In this study, we reviewed the clinical and radiographic features of 24 patients with thin-walled peripheral GGO. The findings showed that most cases of lung cancer were adenocarcinomas. In terms of imaging features, 50% of the lesions showed pure GGO, while 50% showed mixed GGO. Most of the lesions were associated with at least one sign of lobulation, burr sign, vascular convergence, or pleural depression. With a pathological understanding of the MSCT features of thin-walled cystic lung cancer with GGO, benign and malignant cases can be distinguished when encountering similar images (3).

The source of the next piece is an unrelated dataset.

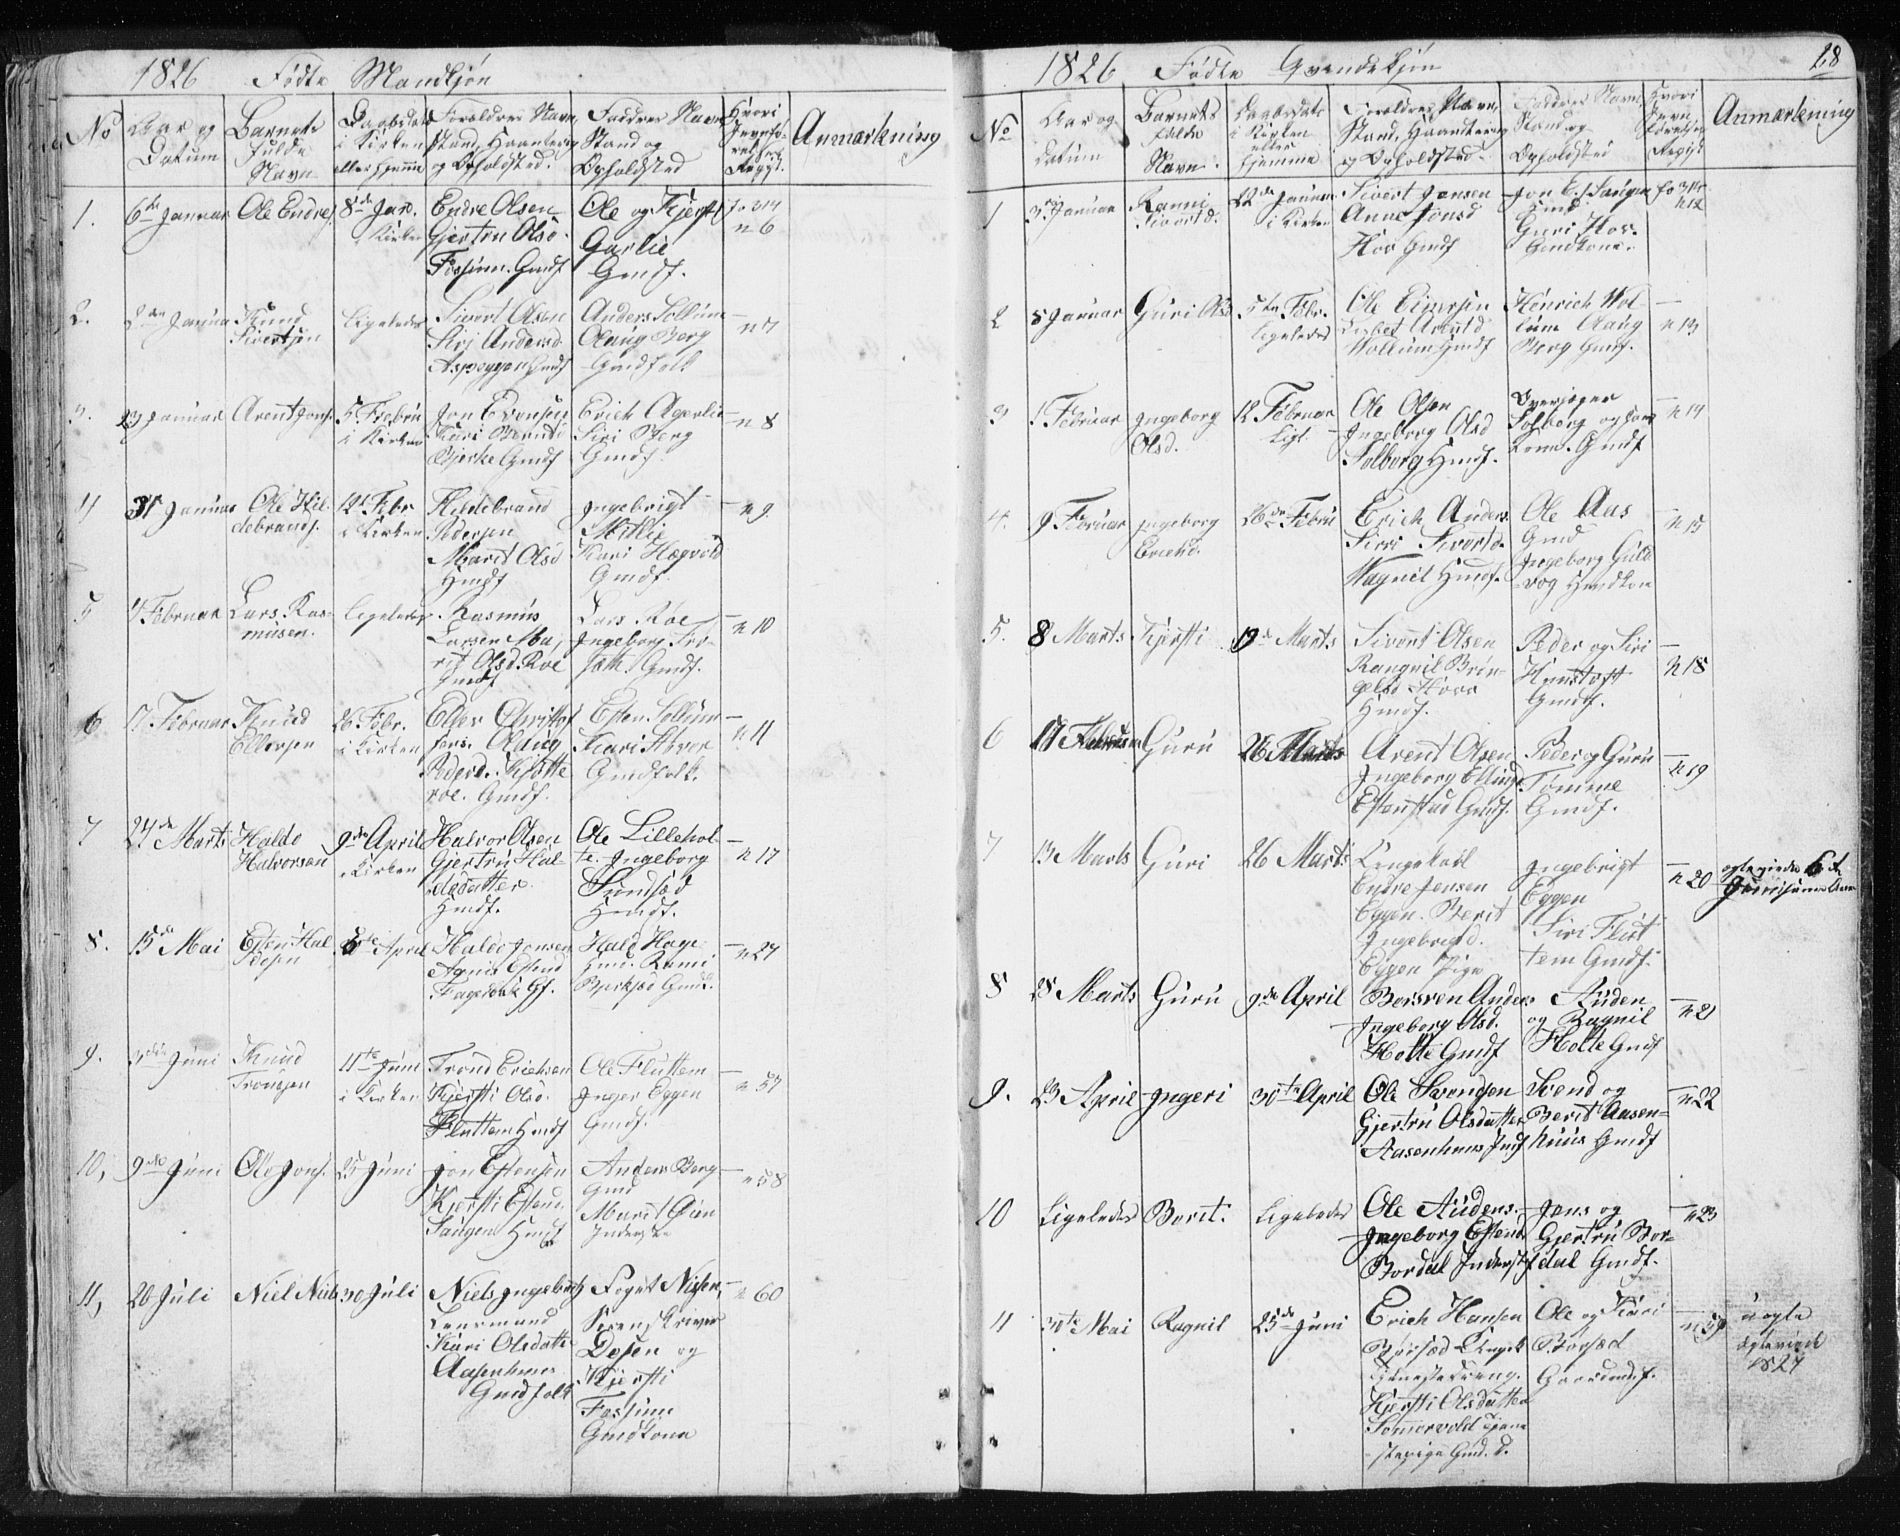 SAT, Ministerialprotokoller, klokkerbøker og fødselsregistre - Sør-Trøndelag, 689/L1043: Klokkerbok nr. 689C02, 1816-1892, s. 28

Considering the prognosis of thin-walled cystic lung cancer, studies in the literature have reported small sample sizes with limited survival data. In our dataset until June 2020, 16 patients expired, while eight patients remained alive during the follow-up (39 - 69 months), with a three-year survival rate of 33.3%. However, the survival rate was reported in a small sample size (n = 24), and further validation in a larger sample size is needed for survival studies. Therefore, similar cases should be examined, and prognosis needs to be further evaluated.
In conclusion, thin-walled cystic lung cancer with GGO is a rare clinical phenomenon. Adenocarcinoma is the main pathological diagnosis of this type of lung carcinoma. Although this cancer is usually a relatively lower grade malignancy with well or moderate tumor differentiation, early detection and surgical resection remain appropriate managment options.